Okay I tried the next one, not sure if I've mucked up but I define $C_{\mu \nu}:= \partial_{\mu} A_{\nu}$ and then $\partial^{\mu} A^{\nu} = \eta^{\mu \sigma} \eta^{\nu \rho} C_{\sigma \rho}$, and by extension$$F^{\mu \nu} = \eta^{\mu \sigma} \eta^{\nu \rho}(C_{\sigma \rho} - C_{\rho \sigma})$$ and also$$F_{\alpha \beta} = \delta^{\sigma}_{\alpha} \delta^{\rho}_{\beta} (C_{\sigma \rho} - C_{\rho \sigma}) = C_{\alpha \beta} - C_{\beta \alpha}$$then $$\frac{\partial}{\partial C_{\alpha \beta}} \left( -\frac{1}{4} F^{\mu \nu} F_{\mu \nu}\right) = -\frac{1}{4} \eta^{\mu \sigma} \eta^{\nu \rho} \frac{\partial}{\partial C_{\alpha \beta}} \left( C_{\sigma \rho} C_{\mu \nu} - C_{\rho \sigma} C_{\mu \nu} - C_{\sigma \rho} C_{\nu \mu} + C_{\rho \sigma}C_{\nu \mu} \right)$$Does that look okay so far?

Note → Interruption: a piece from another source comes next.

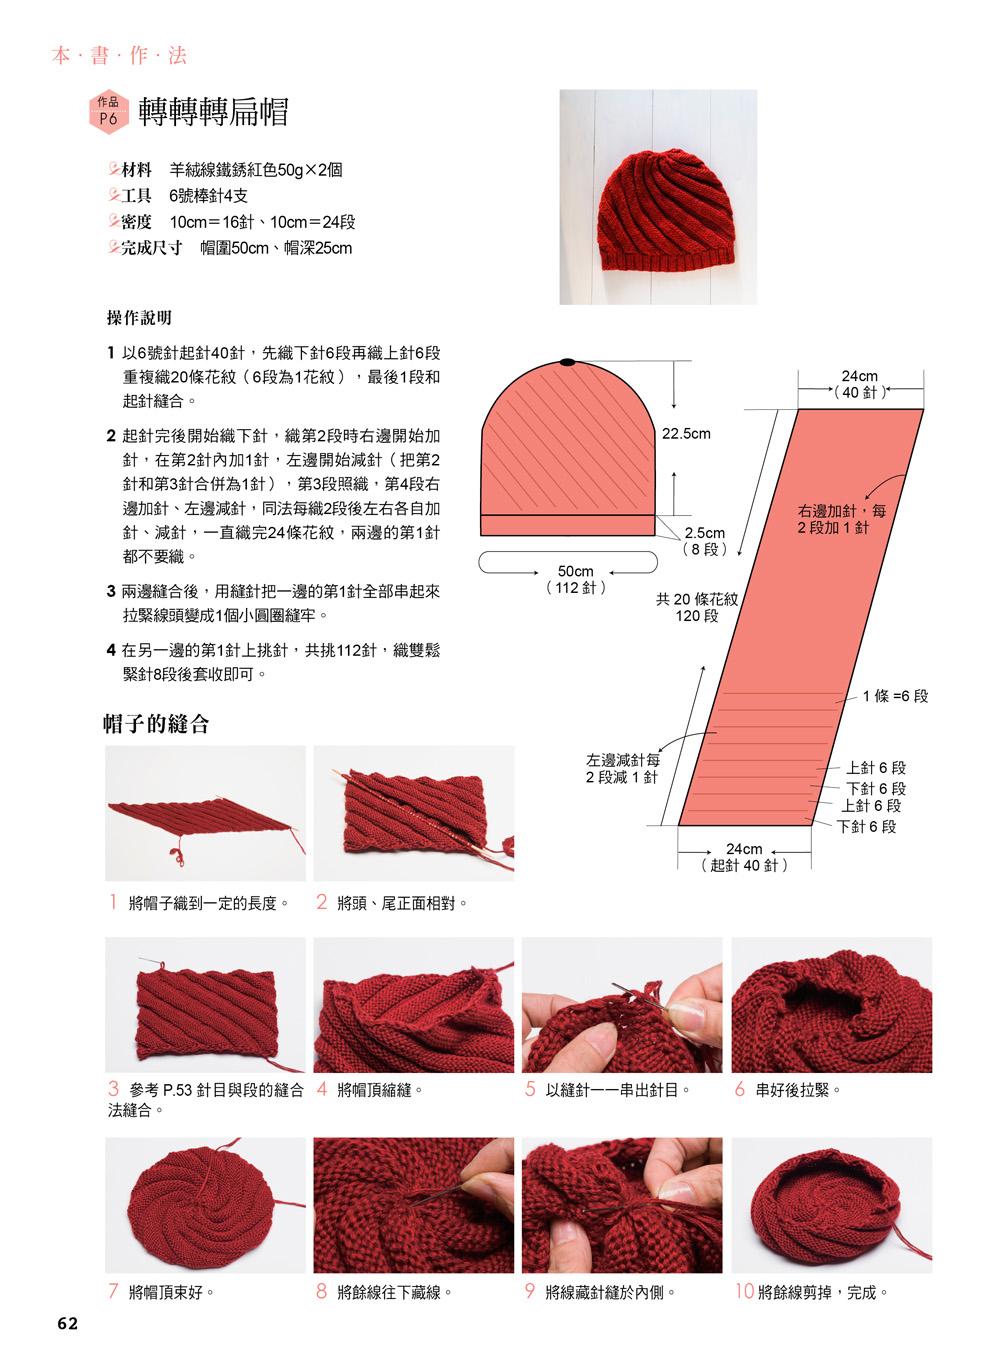 //im2.book.com.tw/image/getImage?i=http://www.books.com.tw/img/001/065/52/0010655213_b_09.jpg&v=54522fad&w=655&h=609

I'll try and finish it when I get back

 

[PeroK]

Okay I tried the next one, not sure if I've mucked up but I define $C_{\mu \nu}:= \partial_{\mu} A_{\nu}$ and then $\partial^{\mu} A^{\nu} = \eta^{\mu \sigma} \eta^{\nu \rho} C_{\sigma \rho}$, and by extension$$F^{\mu \nu} = \eta^{\mu \sigma} \eta^{\nu \rho}(C_{\sigma \rho} - C_{\rho \sigma})$$ and also$$F_{\alpha \beta} = \delta^{\sigma}_{\alpha} \delta^{\rho}_{\beta} (C_{\sigma \rho} - C_{\rho \sigma}) = C_{\alpha \beta} - C_{\beta \alpha}$$then $$\frac{\partial}{\partial C_{\alpha \beta}} \left( -\frac{1}{4} F^{\mu \nu} F_{\mu \nu}\right) = -\frac{1}{4} \eta^{\mu \sigma} \eta^{\nu \rho} \frac{\partial}{\partial C_{\alpha \beta}} \left( C_{\sigma \rho} C_{\mu \nu} - C_{\rho \sigma} C_{\mu \nu} - C_{\sigma \rho} C_{\nu \mu} + C_{\rho \sigma}C_{\nu \mu} \right)$$Does that look okay so far? I'll try and finish it when I get back

Yes, although I don't know that it will help to have multiplied out the two terms.

 

[etotheipi]

Ohh, alright, I'm being slightly thick again. In that case,$$\begin{align*}\frac{\partial}{\partial C_{\alpha \beta}} \left( -\frac{1}{4} F^{\mu \nu} F_{\mu \nu}\right) &= -\frac{1}{4} \eta^{\mu \sigma} \eta^{\nu \rho} \frac{\partial}{\partial C_{\alpha \beta}} \left((C_{\sigma \rho} - C_{\rho \sigma})(C_{\mu \nu} - C_{\nu \mu})\right) \\

&= -\frac{1}{4} \eta^{\mu \sigma} \eta^{\nu \rho} \cdot 2(C_{\sigma \rho} - C_{\rho \sigma})(\delta^{\alpha}_{\mu} \delta^{\beta}_{\nu} - \delta^{\alpha}_{\nu} \delta^{\beta}_{\mu})\\

&= - \eta^{\mu \sigma} \eta^{\nu \rho} (C_{\sigma \rho} - C_{\rho \sigma}) = -F^{\mu \nu}\end{align*}$$Yeah... I think I need a bit more practice . Thanks for the example!

 

[vanhees71]

I think, it's easier to work directly with the variations in such cases of multi-indexed quantities:
$$\delta (F^{\mu \nu} F_{\mu \nu})=2 F^{\mu \nu} \delta F_{\mu \nu}=4 F^{\mu \nu} \delta (\partial_{\mu} A_{\nu})$$
Now doing an integration by parts for the action,
$$S[A]=\int \mathrm{d}^4 x \left (-\frac{1}{4} F^{\mu \nu} F_{\mu \nu}-j^{\nu} A_{\nu} \right),$$
you get
$$\delta S[A]=\int \mathrm{d}^4 x \delta A_{\nu} \left (+\partial_{\mu} F^{\mu \nu} - j^{\nu} \right )\stackrel{!}{=}0 \; \Rightarrow \; \partial_{\mu} F^{\mu \nu} = j^{\nu}.$$
These are the inhomogeneous Maxwell equations as desired.